My photography career began in 1970 when I borrowed a camera to take with me to a job at a salmon cannery in Egekik, Alaska.  Encouraged by my results I took a photography course from UC extension where I learned the basics of exposure and darkroom development. My first show (Split Images) was at the UC extension art gallery and was inspired by a suggestion from the instructor to explore the creation of images that arose from overlapping exposures, hence the name split images. 
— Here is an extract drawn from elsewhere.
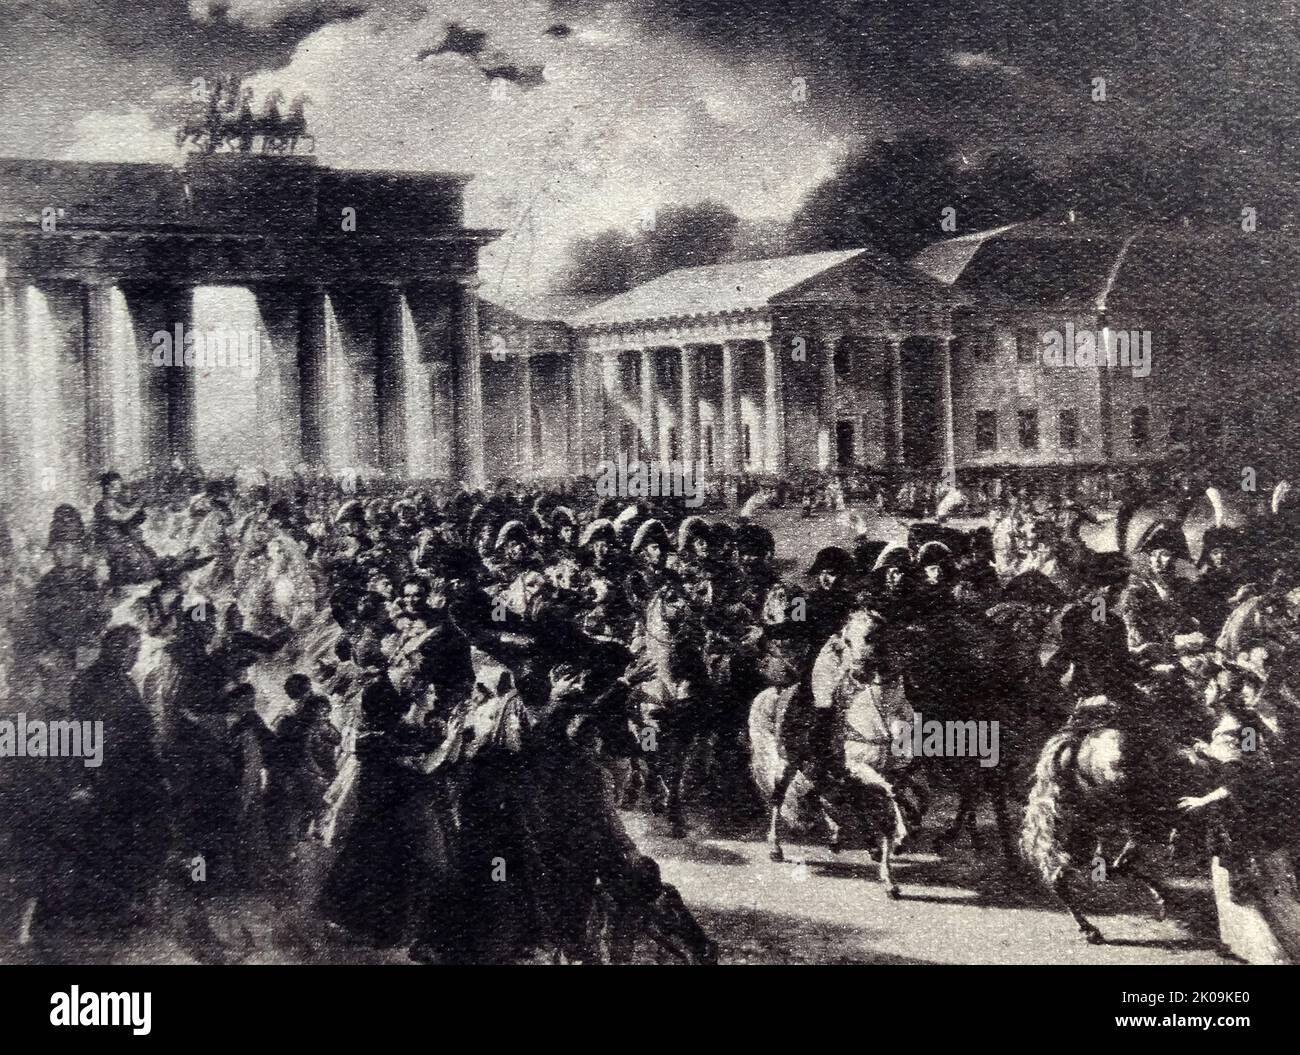 Napoleone entra a Berlino, 1806. La caduta di Berlino ebbe luogo il 27 ottobre 1806, quando la capitale prussiana di Berlino fu catturata dalle forze francesi dopo la battaglia di Jena-Auerstedt. L'imperatore francese Napoleone Bonaparte entrò nella città, da cui emise il suo Decreto di Berlino implementando il suo sistema continentale. Si è svolto un saccheggio su larga scala di Berlino. Foto Stock
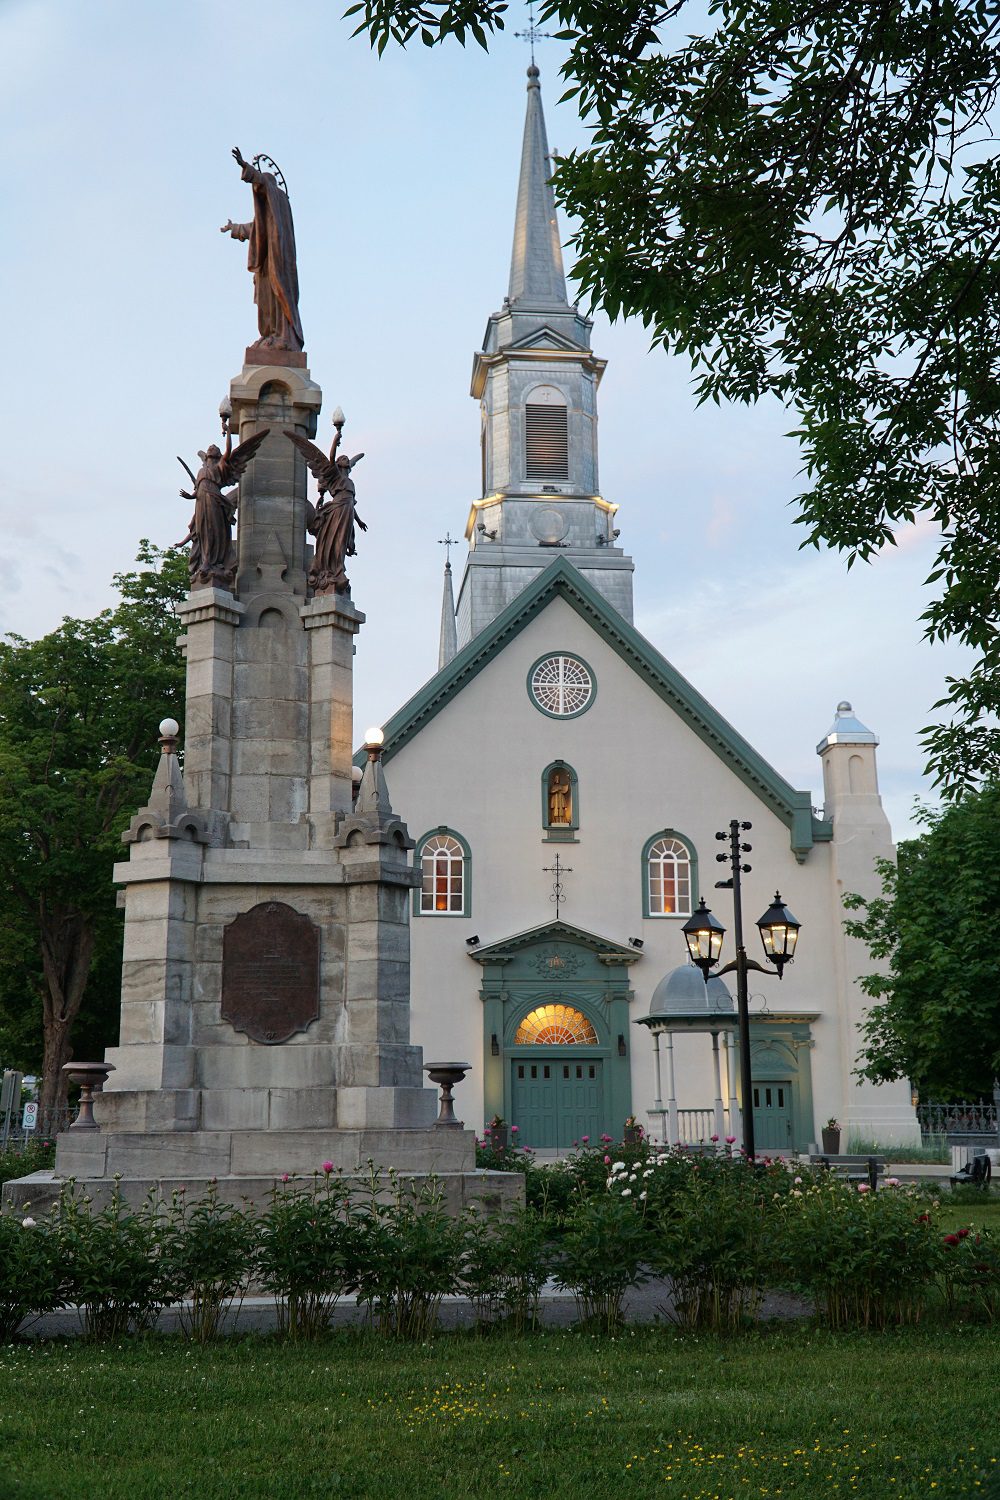 Photographie de l'Église Saint-Augustin et du Monument Sacré-Coeur en format 768 x 1152

My 2nd show was portrait themed and grew out of my association with a number of photographers who worked out of the UC Berkeley darkrooms and its small exhibition space.   My third show was also a group exhibition in Berkeley: “River Nudes”. In 1976 I presented at a group show: “New and Different: Young Photographers Making Their Mark” at The Photographers Place in Los Angeles. In 1979 I had my first solo exhibition: “Near and Far” at Cafe Roma in Berkeley.

My photographic career took a turn when I lived in Chicago from 1984 to 1989. Instead of being a hobby and focusing on Art, I started taking jobs as a commercial photographer. I shot fashion, event, travel, journalism, portrait, advertising brochures, mailers, etc. etc. 

In 1993 after moving to Rochester and taking an advanced darkroom workshop led by John Sexton, I presented “Watersong” at the Oxford Gallery, a series of images taken in the gorges of the Finger Lakes. 

In 2016 I exhibited my work at the exhibition space of the Canandaigua National Bank. “Lost in Landscape” featured work from the Finger Lakes,  California (seascapes) and recent work from southern Utah (Valley of the Gods). 

I would say my major influences are Ansel Adams, Richard Avedon, Helmut Newton, and way too many painters from Bierstadt to Turner to Monet to Hiroshige to abstract artists such as Pollock and Rothko.  

Currently my work is showing at the New Britain Museum of American Art, Vestige Gallery in Pittsburgh, fotofoto gallery in Huntington, NY, and selected work from “Lost in the Woods” at the Canandaigua Bank Gallery in Rochester, NY.